Introduction: Myocardial infarction (MI) is a global burden that implies on quality of life. Platelet-rich plasma (PRP) is an autologous source of growth factors that is recently suggested due to its healing properties. Isoproterenol (ISO) is a β-agonist drug used as experimental model of myocardial injury through cardiac hyperactivity and production of reactive oxygen species.
Aim of Work: To investigate the role of PRP in preservation of cardiac tissue and enhancing healing in isoproterenol (ISO) induced myocardial injury.

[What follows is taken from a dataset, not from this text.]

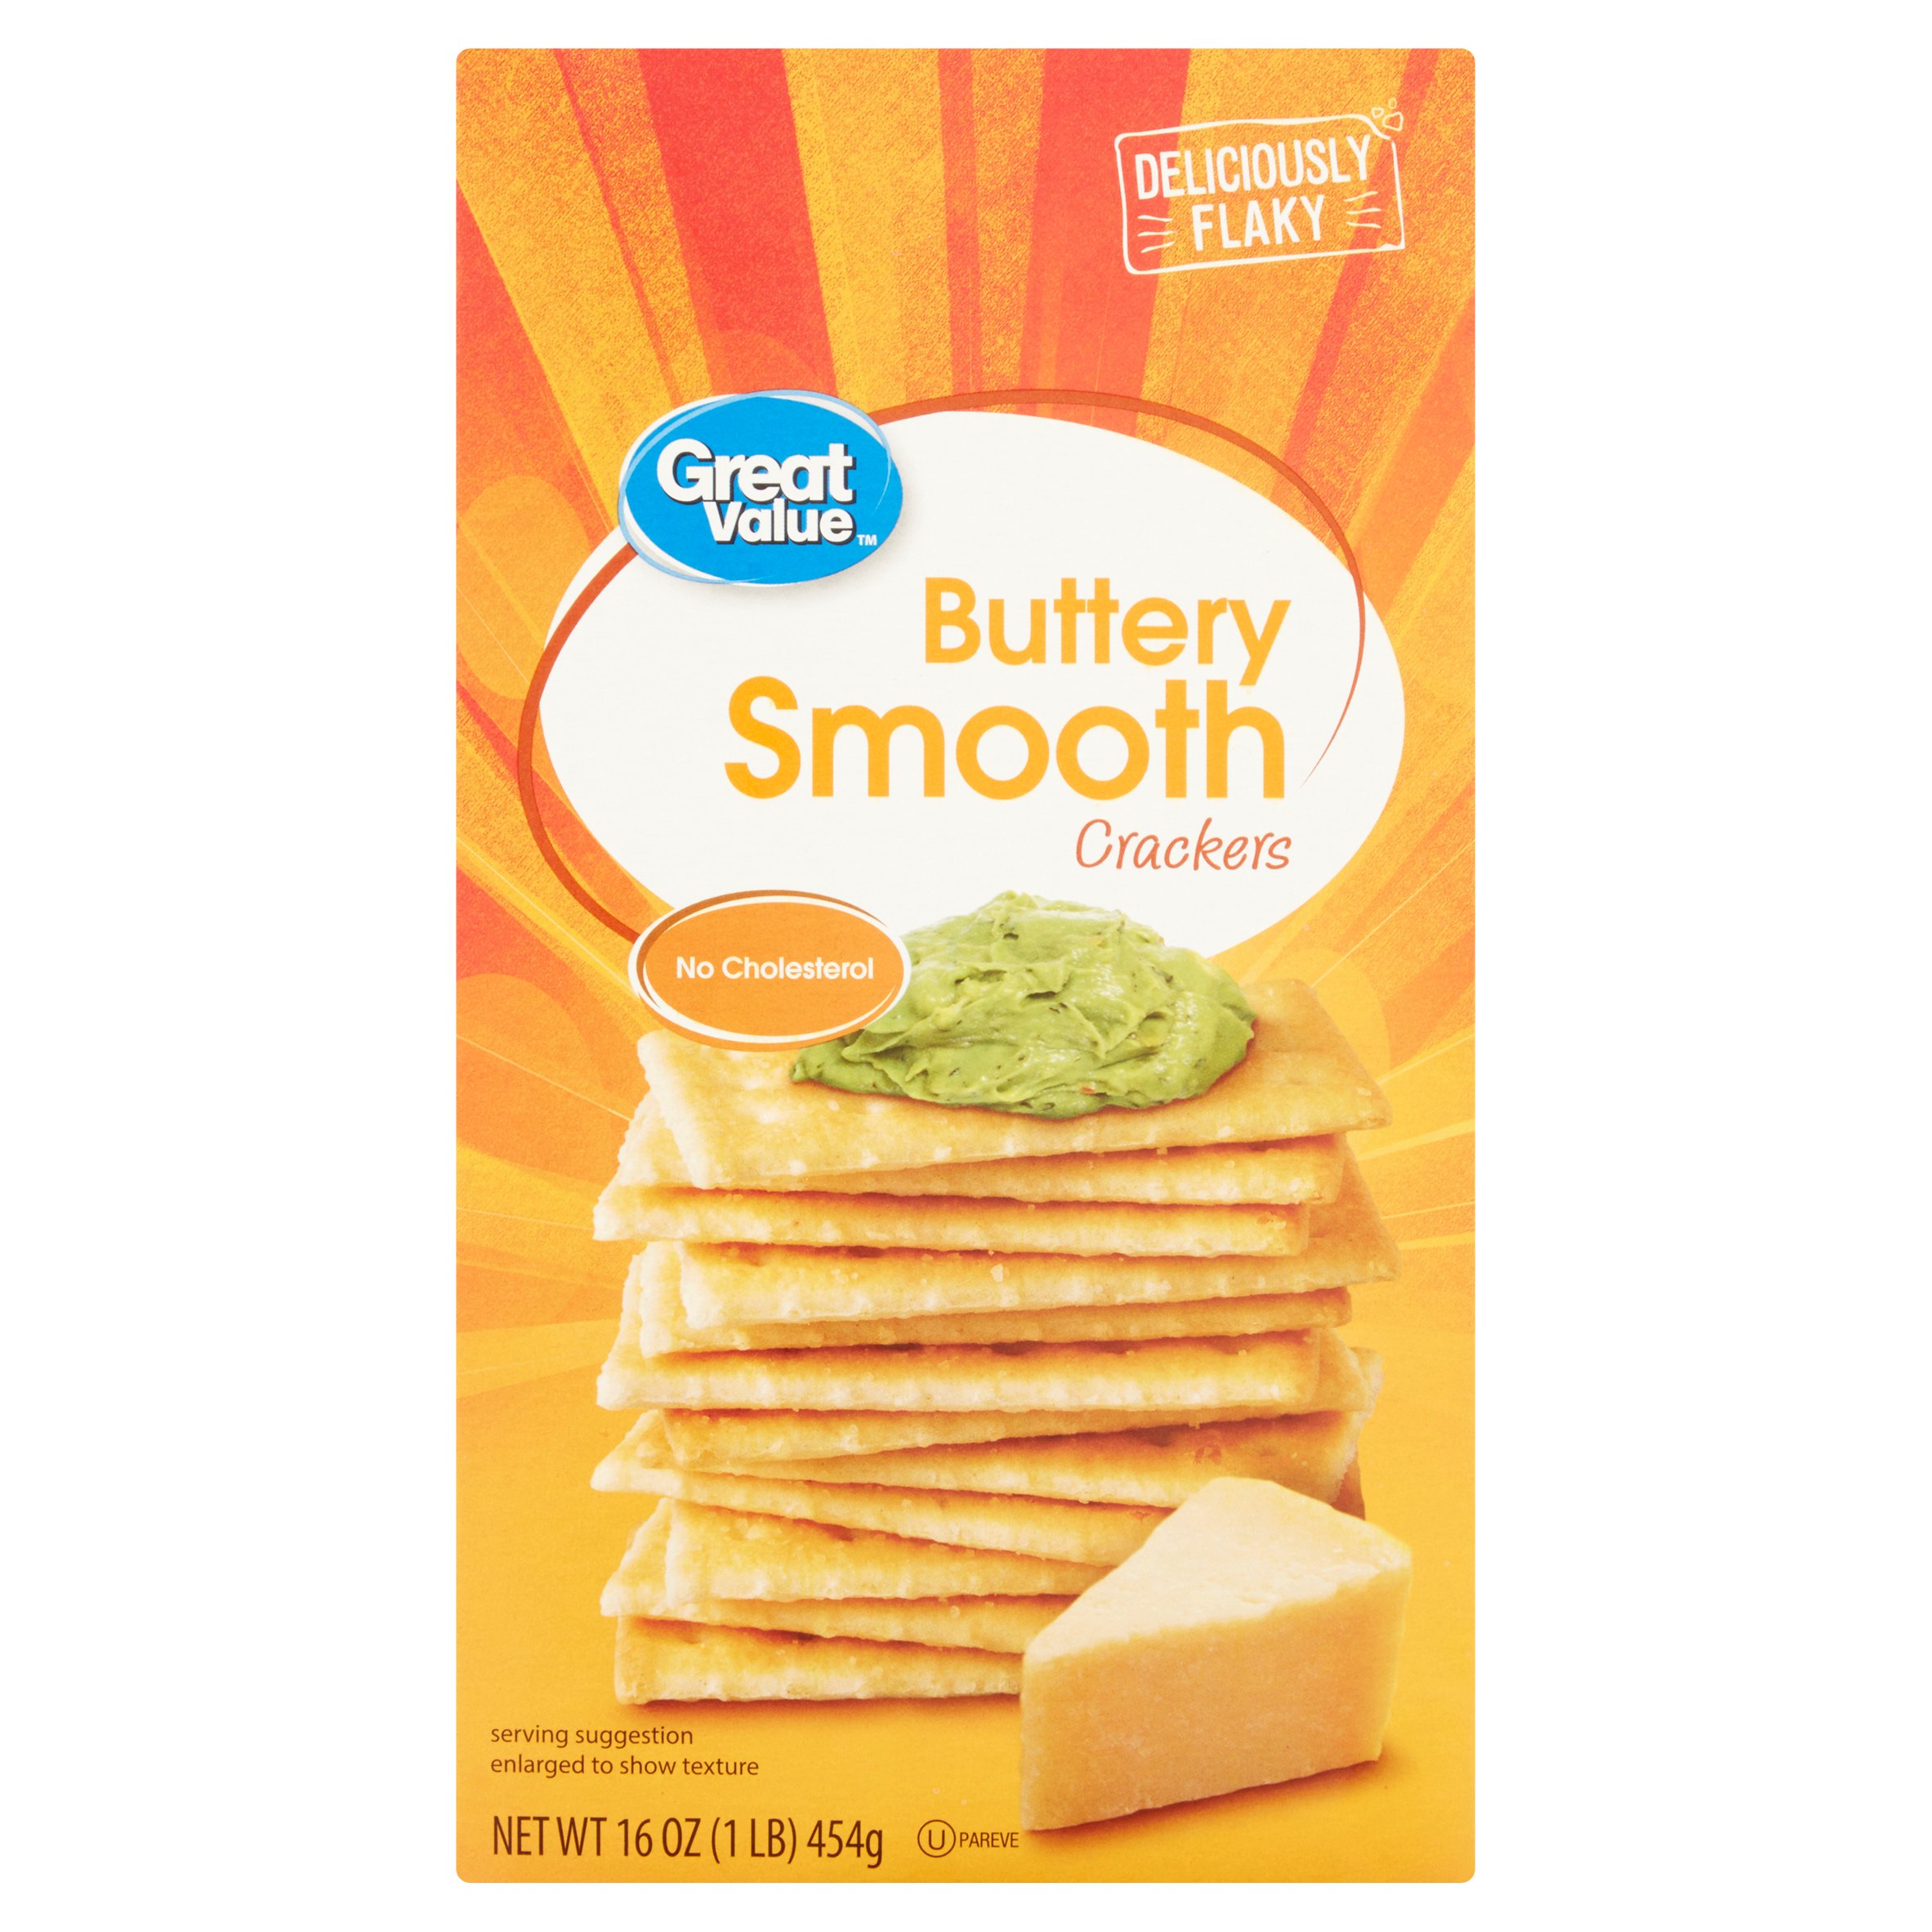 Great Value Buttery Smooth Crackers, 16 Oz. Image
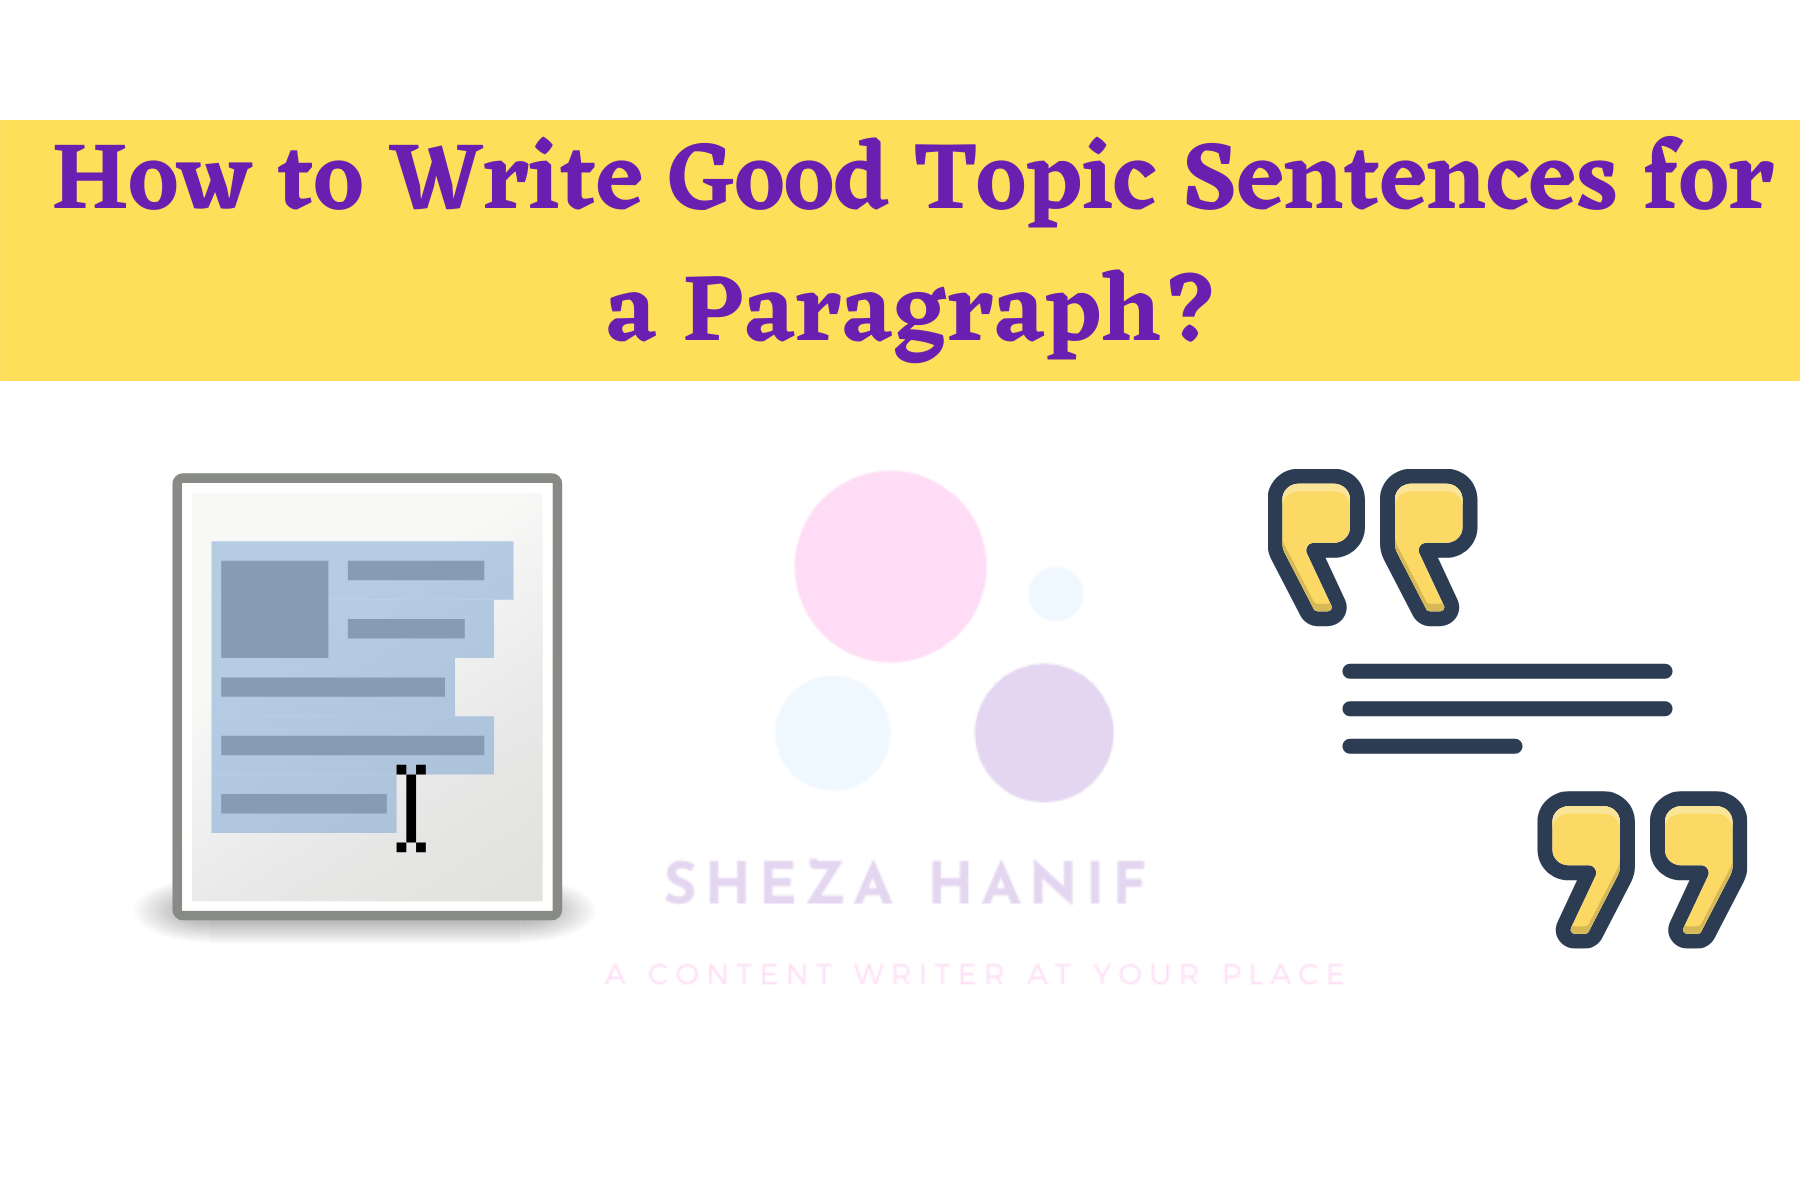 How to Write Good Topic Sentences for a Paragraph?

Materials and Methods: 48 adult male albino rats were used as follows; Control group (N=18), Myocardial injury group (N=18) and Myocardial injury with PRP group (N=12). ISO was administered as a single subcutaneous dose (67 mg/kg) and PRP was injected intracardiac after 12 h from ISO injection. Hearts were harvested at 7 days and 21 days and left ventricular sections were stained for histological and immunohistochemical study.
Results: Isoproterenol treated sections showed necrosis and apoptosis of myocardial fibers with loss of striations. Interstiuim showed mononuclear cellular infiltration and significant increase in collagen deposition. Moreover, blood vessels showed congestion and hemorrhage. Examination of PRP treated sections showed restoration of normal architecture of myocardial fibers. There was a statistically significant decrease in apoptosis and necrosis of myocardial cells. Also, interstitium showed an apparent decrease in mononuclear cellular infiltration and hemorrhage. These findings were observed after one week of PRP administration and became more evident after three weeks. Meanwhile, collagen deposition showed highly significant decrease in PRP treated group only after three weeks in comparison to ISO only treated group.
Conclusion: PRP was found to decrease myocardial death and accelerate healing. PRP can be considered a simple, economically feasible and favorable strategy in management of myocardial injury.